* [Exercise input]:
+--

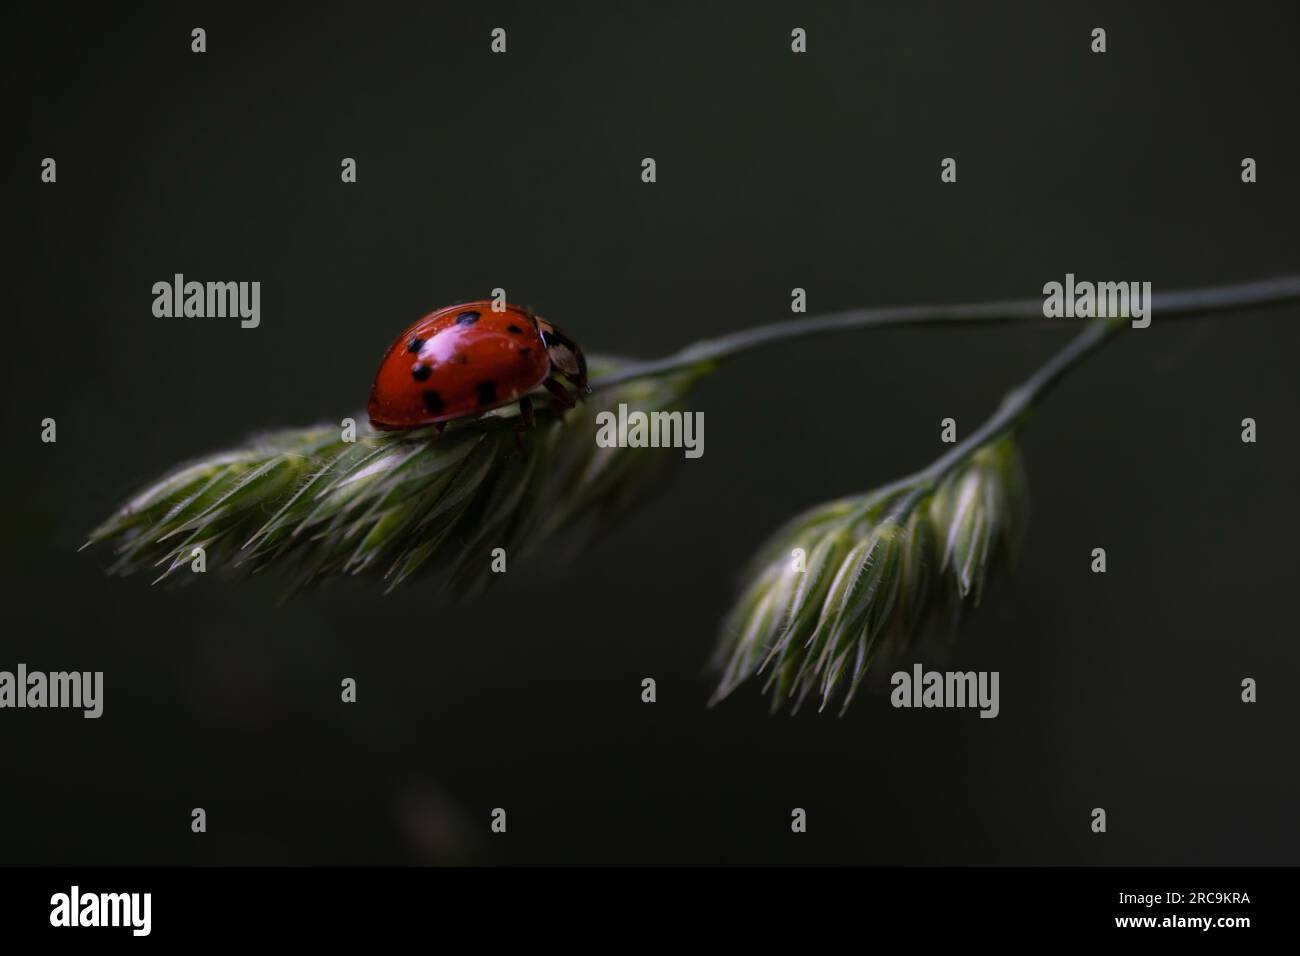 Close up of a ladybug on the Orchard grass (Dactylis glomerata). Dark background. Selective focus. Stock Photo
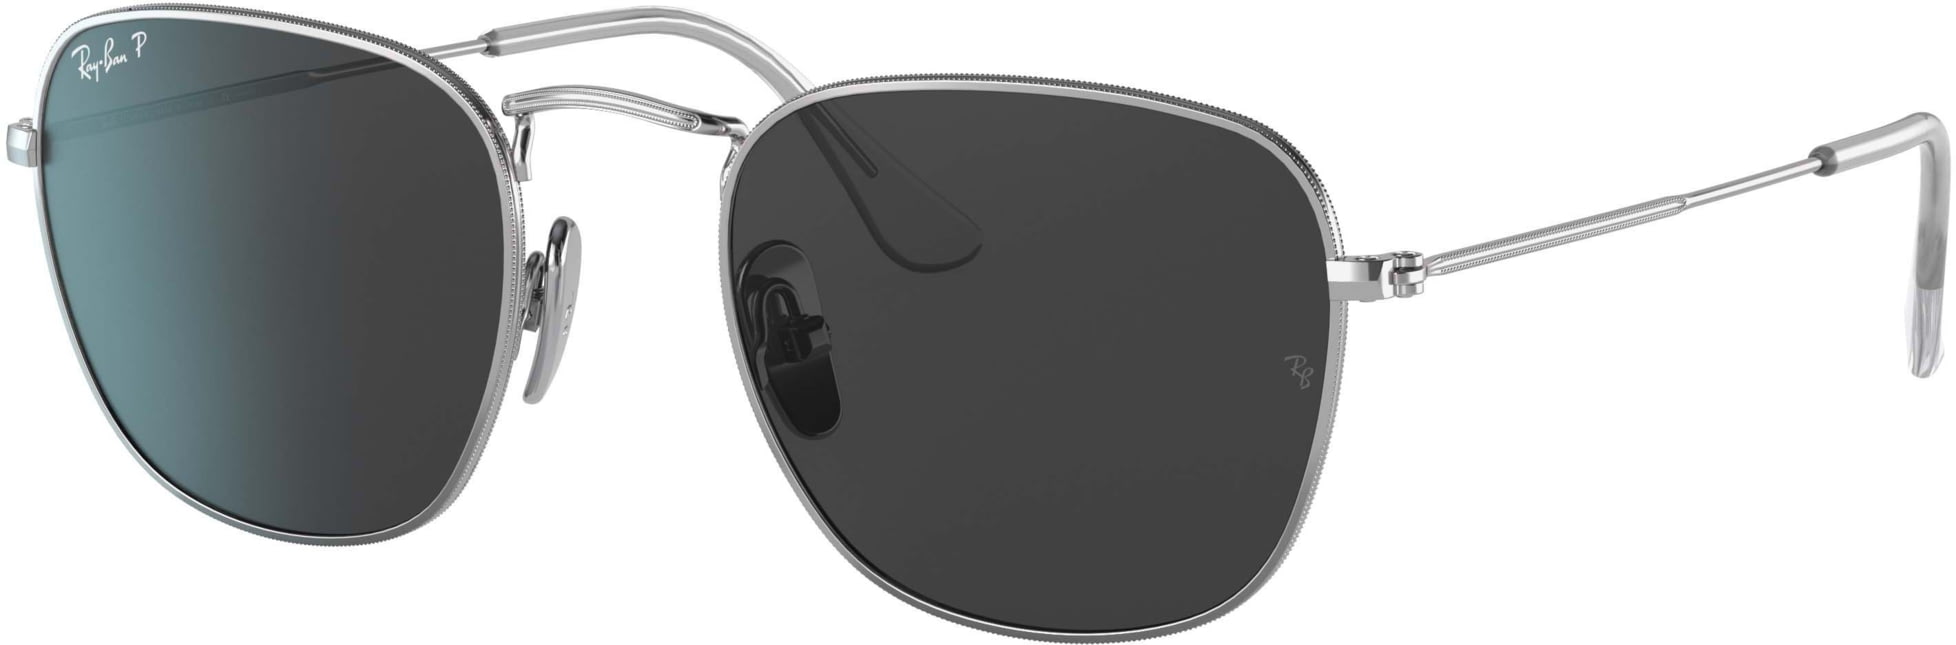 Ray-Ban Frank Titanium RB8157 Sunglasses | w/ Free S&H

+--

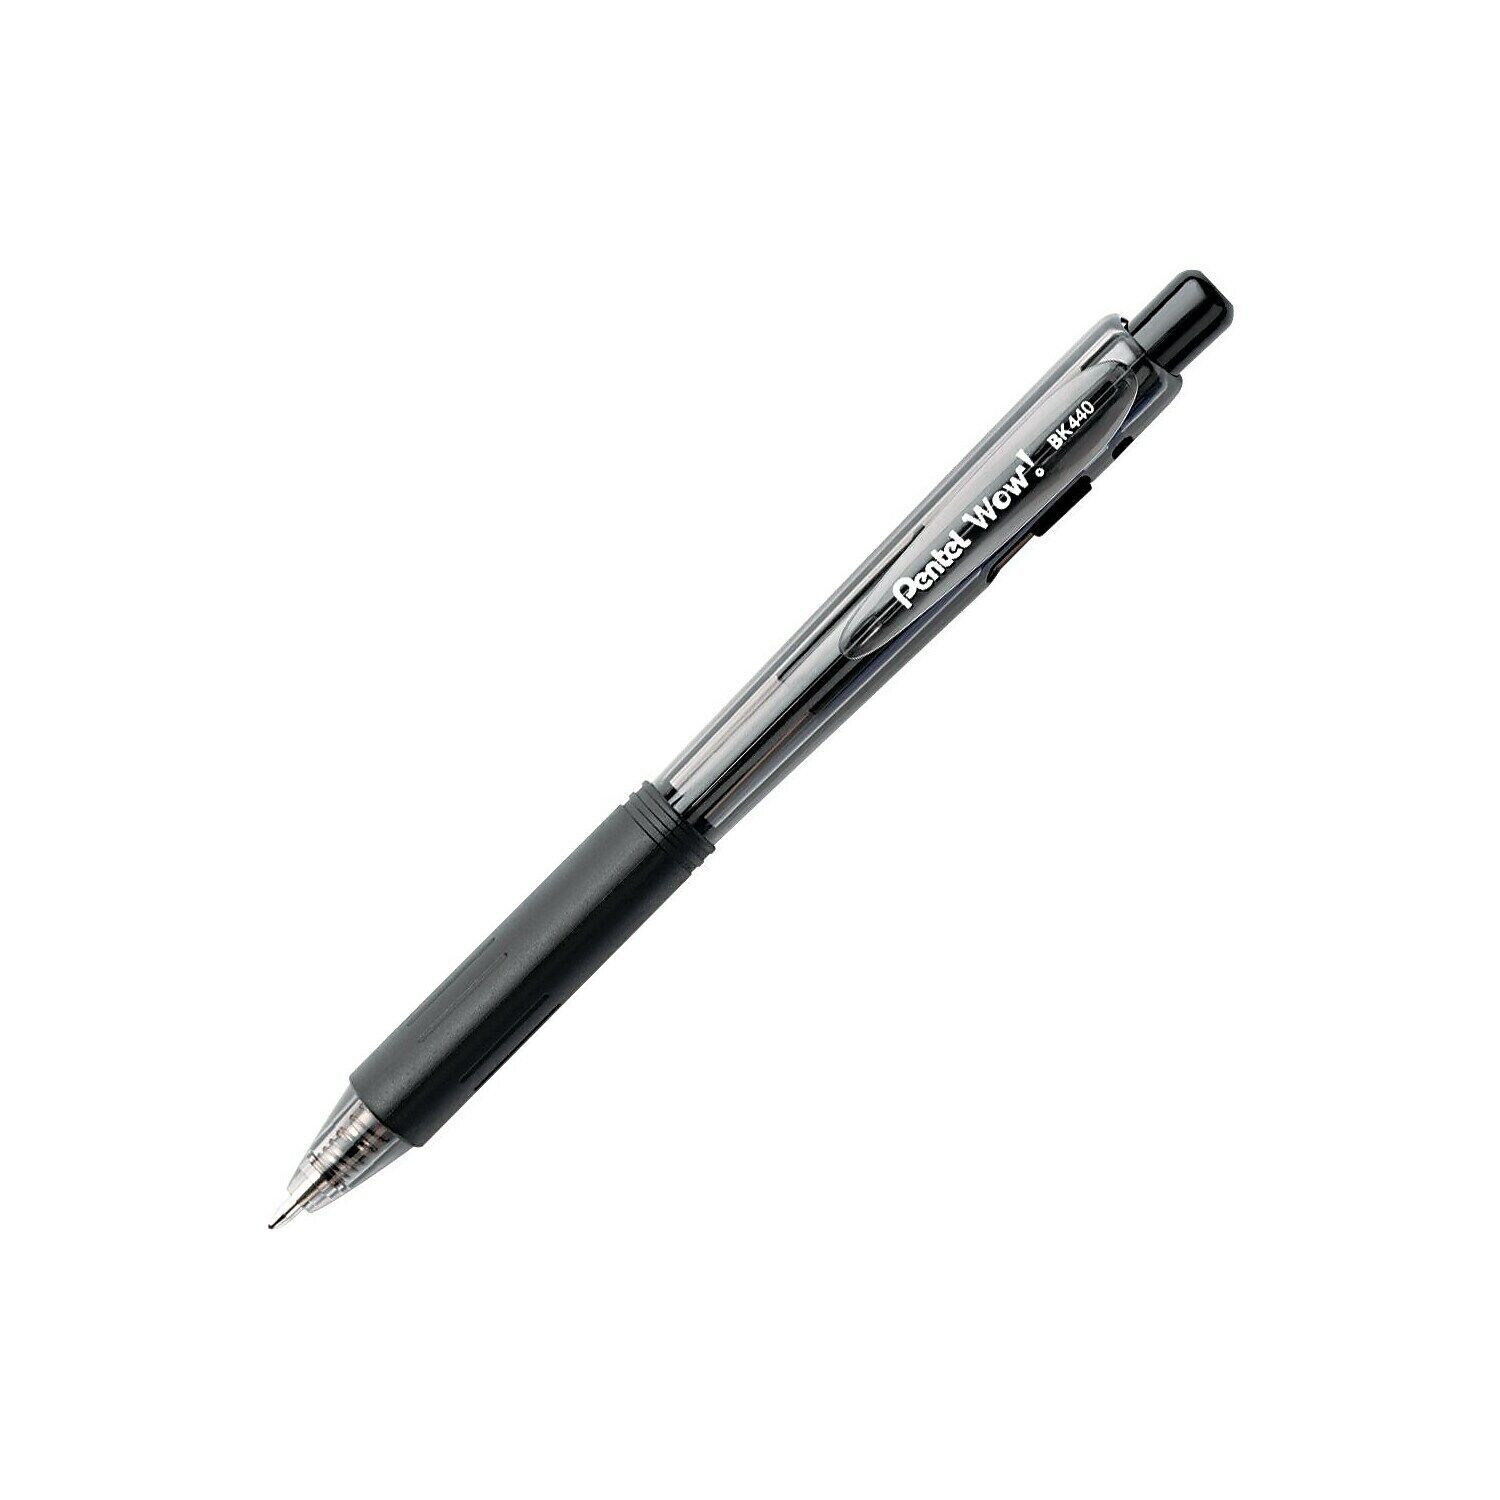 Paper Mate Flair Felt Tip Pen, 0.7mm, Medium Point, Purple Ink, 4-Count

+--

Everything from the line with "Close up of" down to the line with "Ray-Ban Frank Titanium" in the data above should be copied exactly, with both end lines kept and the pictures left out.

* [Answer for the task]:
 Close up of a ladybug on the Orchard grass (Dactylis glomerata). Dark background. Selective focus. Stock Photo
 Ray-Ban Frank Titanium RB8157 Sunglasses | w/ Free S&H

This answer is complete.